Full Report
All your compromised credentials are belong to us now instead of the other gang
Analysis Summary
# Tool/Technique: PCPJack
## Overview
PCPJack is a sophisticated, self-propagating cloud worm framework designed to hijack cloud infrastructure. It is specifically notable for its "competitor-eviction" behavior, where it identifies and removes existing infections belonging to the threat group **TeamPCP**. Once the environment is "cleaned," PCPJack installs its own suite of tools to harvest high-value credentials and propagate across internal and external networks.
## Technical Details
- **Type:** Malware (Worm / Credential Harvester)
- **Platform:** Linux, Cloud Infrastructure (Docker, Kubernetes, Redis, MongoDB, RayML)
- **Capabilities:** Lateral movement, credential parsing, automated scanning, competitor malware removal, and encrypted exfiltration.
- **First Seen:** Late April 2026
## MITRE ATT&CK Mapping
- **[TA0001 - Initial Access]**
- [T1190 - Exploit Public-Facing Application]
- **[TA0007 - Discovery]**
- [T1046 - Network Service Scanning]
- [T1082 - System Information Discovery]
- **[TA0006 - Credential Access]**
- [T1552 - Unsecured Credentials]
- [T1528 - Steal Application Access Token]
- **[TA0008 - Lateral Movement]**
- [T1021.004 - Remote Services: SSH]
- **[TA0005 - Defense Evasion]**
- [T1562.001 - Impair Defenses: Disable or Modify Tools] (Targeting TeamPCP)
- **[TA0010 - Exfiltration]**
- [T1041 - Exfiltration Over C2 Channel]
## Functionality
### Core Capabilities
- **Worm Propagation:** Automatically scans the internet and internal networks for exposed services (Docker APIs, Kubernetes, Redis, etc.) to self-replicate.
- **Competitor Eviction:** Executes shell scripts specifically designed to find and kill processes or delete artifacts associated with the TeamPCP threat group.
- **Credential Harvesting:** Aggressively parses environment variables, configuration files, SSH keys, Docker secrets, and Kubernetes tokens.
### Advanced Features
- **Modular Framework:** Uses separate modules for lateral movement, credential parsing, and network scanning.
- **Target Selection:** Highly specific targeting of finance, enterprise messaging, and cloud service provider credentials.
- **Encrypted Exfiltration:** Encrypts stolen data before sending it to a command-and-control server to evade network-based detection.
## Indicators of Compromise
- **File Names:** `utils.py` (Credential Extractor module)

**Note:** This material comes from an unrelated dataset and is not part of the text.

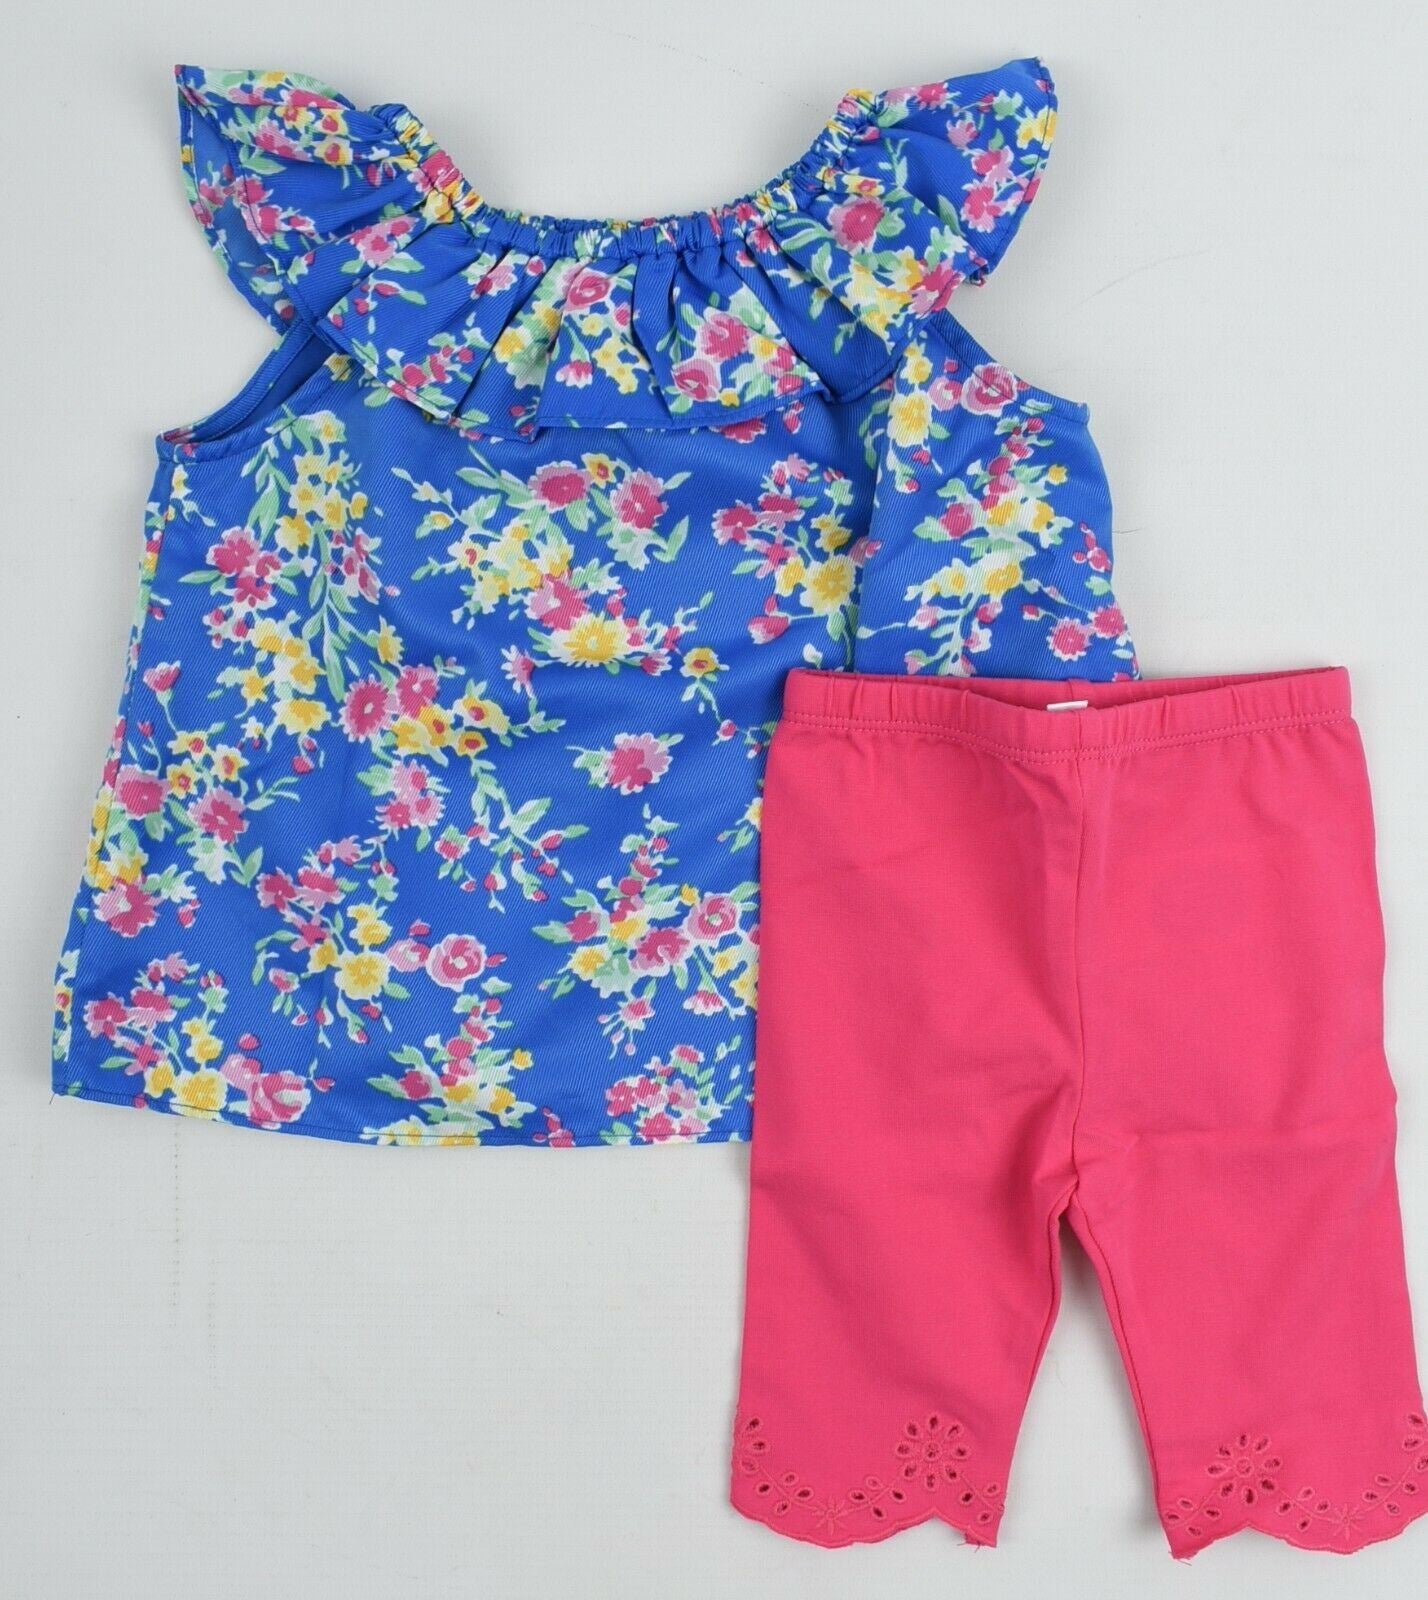 RALPH LAUREN Baby Girls' 2-pc Outfit Set, Top+Leggings, Blue/Pink, size 6 months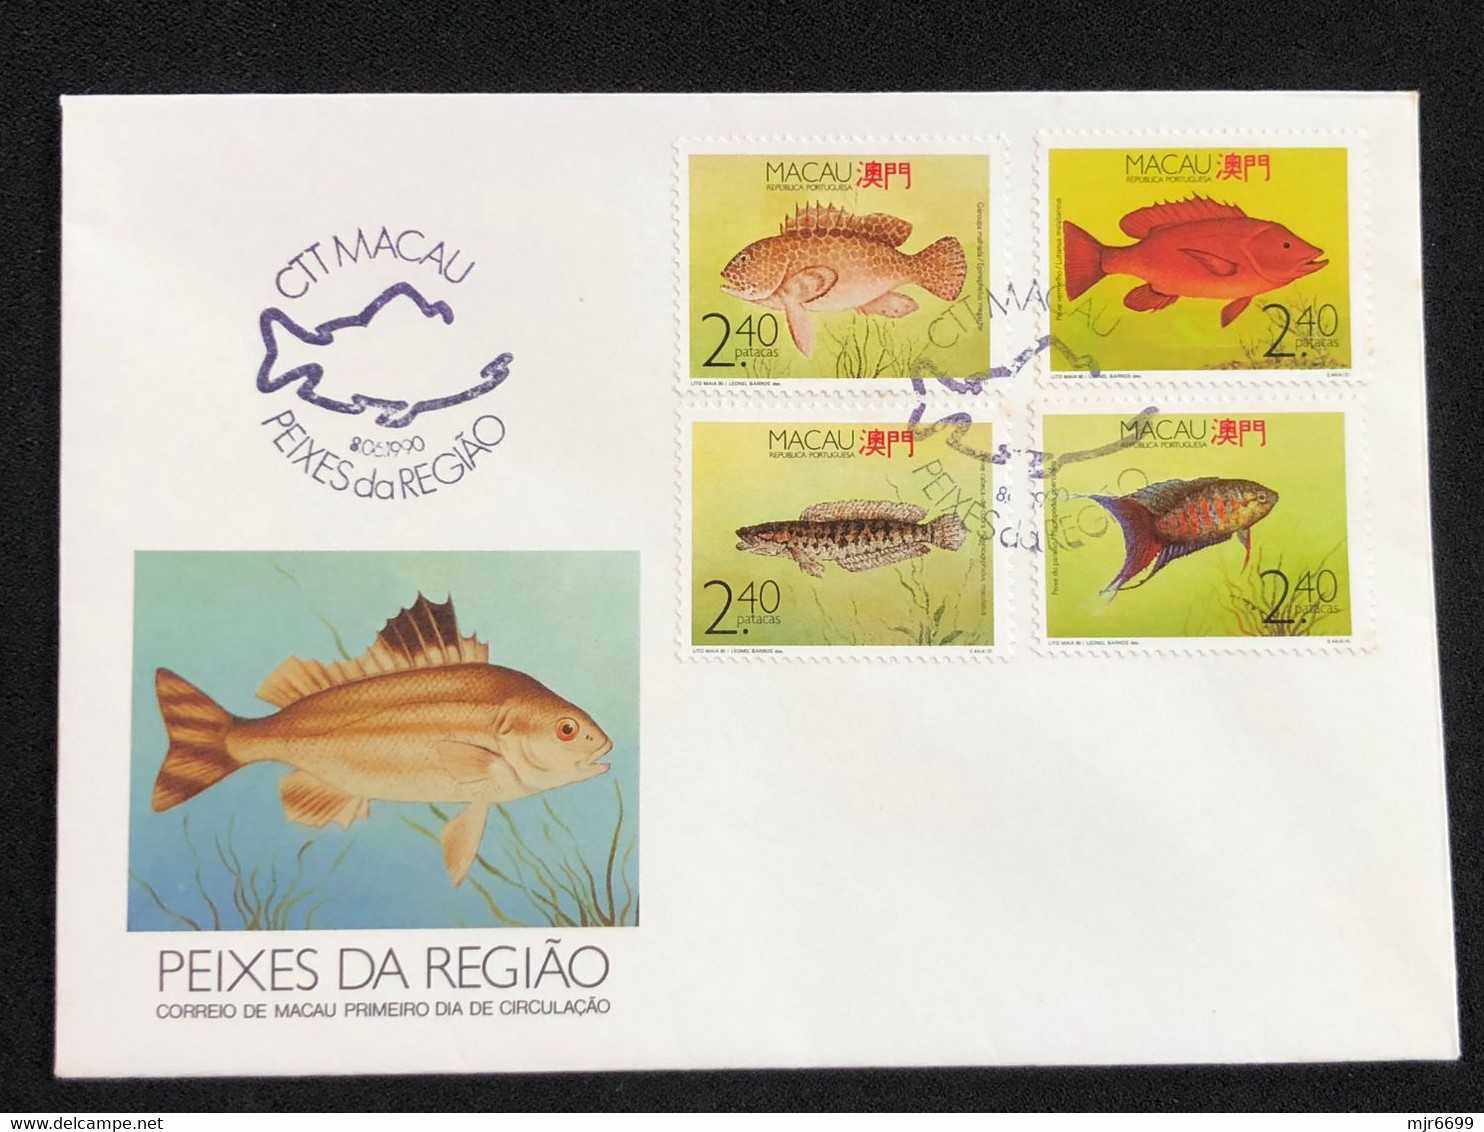 MACAU 1990 FISHES OF THE REGION FDC - FDC

- **Behavioral Indicators:**
- Rapid outbound scanning on ports associated with Docker (2375), Redis (6379), and MongoDB (27017).
- Unexpected termination of TeamPCP-related processes.
- Unauthorized execution of shell scripts in container environments.
- **Network Indicators:** [Note: Specific C2 IPs/Domains were not provided in the source text; analysts should monitor for unauthorized traffic to unknown external endpoints.]
## Associated Threat Actors
- **PCPJack Operators:** Current identity unknown, though they display intimate knowledge of TeamPCP's methodology.
- **TeamPCP:** Target of this specific worm’s eviction routine.
## Detection Methods
- **Behavioral Detection:** Monitor for "malware-on-malware" activity—specifically scripts that issue `kill` commands against common cloud-miner or rival threat actor signatures.
- **Network Monitoring:** Alert on internal-to-internal or internal-to-external port scanning originating from cloud instances.
- **Audit Logs:** Review Kubernetes and Docker logs for unauthorized container creations or the mounting of sensitive host paths.
## Mitigation Strategies
- **Authentication:** Ensure all cloud services (Redis, MongoDB, RayML) require strong authentication and are not exposed to the public internet.
- **Credential Management:** Use secrets management tools (e.g., HashiCorp Vault, AWS Secrets Manager) rather than storing keys in environment variables or config files.
- **Network Segmentation:** Implement strict firewall rules to prevent cloud instances from initiating outbound connections to the internet or scanning internal subnets.
- **Hardening:** Disable unneeded Docker/Kubernetes APIs and use "least privilege" service accounts.
## Related Tools/Techniques
- **TeamPCP Toolset:** The predecessor/competitor malware that PCPJack targets for removal.
- **Cloud-based Cryptominers:** While PCPJack lacks a miner, it shares similar propagation techniques with groups like TeamTNT.